We need to step back and look at the situation realistically. If rents are far too high, what do we do? We need to build more. If we do not, rents will continue to rise. We have to take control of the housing situation, particularly in areas of high demand, such as central London. We cannot leave it to capitalism red in tooth and claw to deal with the housing crisis in Islington. We have to intervene, and we have to believe that it is the best way of dealing with it; otherwise, we will continue to have huge unfairness.

A man and his partner and baby came to see me. They desperately want a home of their own, but they cannot afford to rent privately, so they are living with mum. Their house is completely overcrowded—it is totally unsuitable—but they have no alternative, and they will be there for years. I have another constituent living in overcrowded accommodation who has made 76 bids to move home, but she has still not been successful. Another woman is in arrears for the bedroom tax. She has had discretionary housing payments, but they were only small, and she remains in debt and is desperately worried about what will happen to her. She wants to move, but there is nowhere for her to move to.

A woman came to see me—she is not really a priority, I appreciate that—who lives in a one-bedroom flat with two children and two adults. This is like the 1920s. We are going backwards in time. People are living like this today. This family are not a priority; they are not the worst case, and their chances of getting re-housed are slender because they are only overcrowded by way of two adults and two children in a one-bedroom flat. I had a letter from another woman about high rents in the private sector. The sun is not shining on her house. Her flat is cold and damp, and there is only one radiator. Another family came to see me—four adults and two children in a two-bedroom flat.

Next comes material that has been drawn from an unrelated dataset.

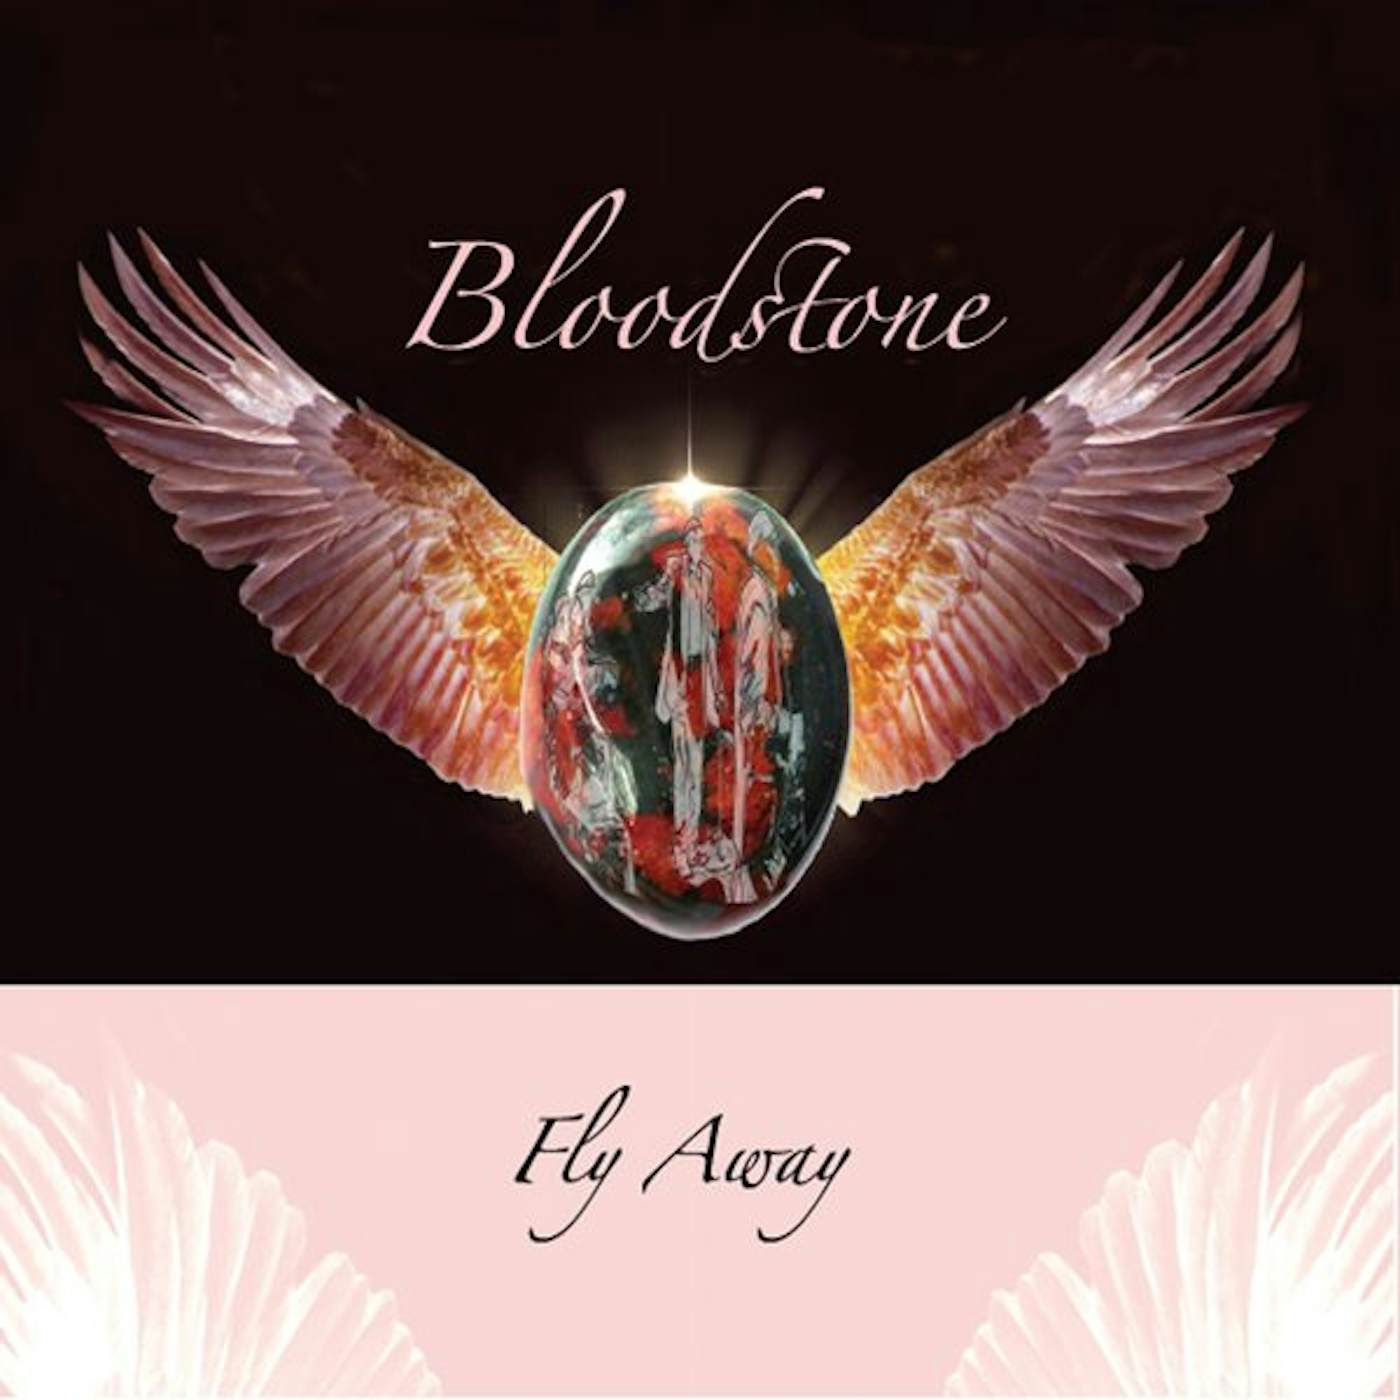 Bloodstone FLY AWAY CD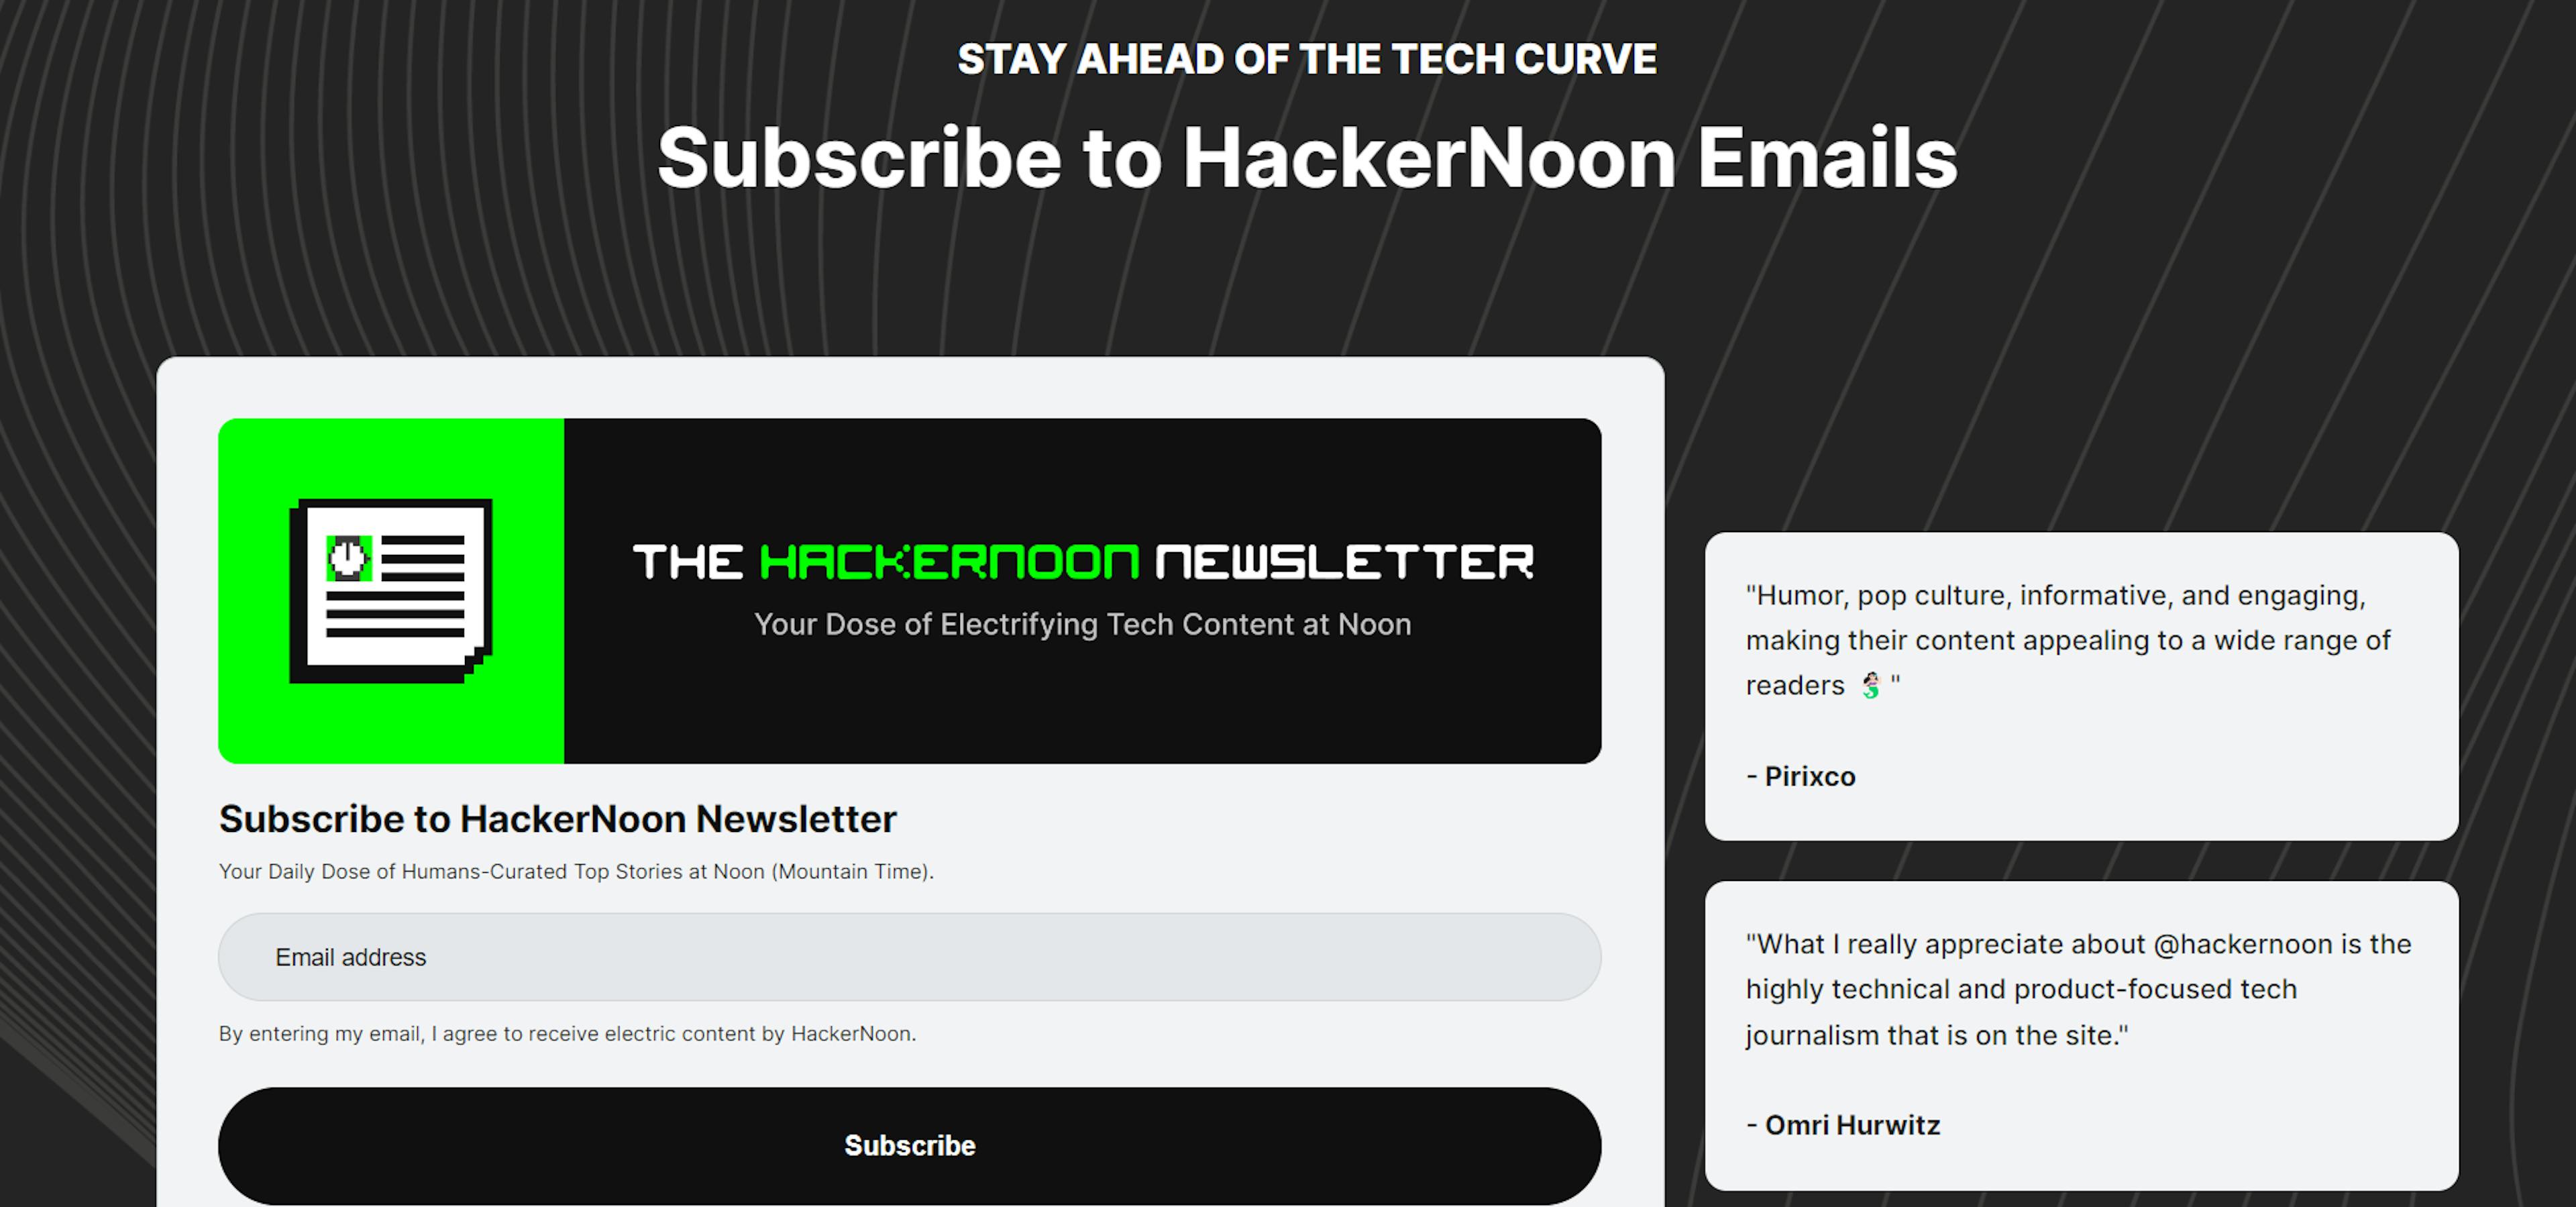 featured image - Tech News überarbeitet 🗞️ Erfahren Sie alles über die neue E-Mail-Seite von HackerNoon

Does this Budget solve any of these problems? Does it even think about them? It denies their existence and makes no attempt to address the problems arising just a stone’s throw from this building. We cannot continue to put our heads in the sand. We need a Government who care and are prepared to address these problems, not continue to talk in “Alice in Wonderland” terms about the sort of world we want. “We choose the future”, the Chancellor said. Well, the Government do not choose the future for the people I represent. They should be ashamed of themselves, and they will not be in government for long.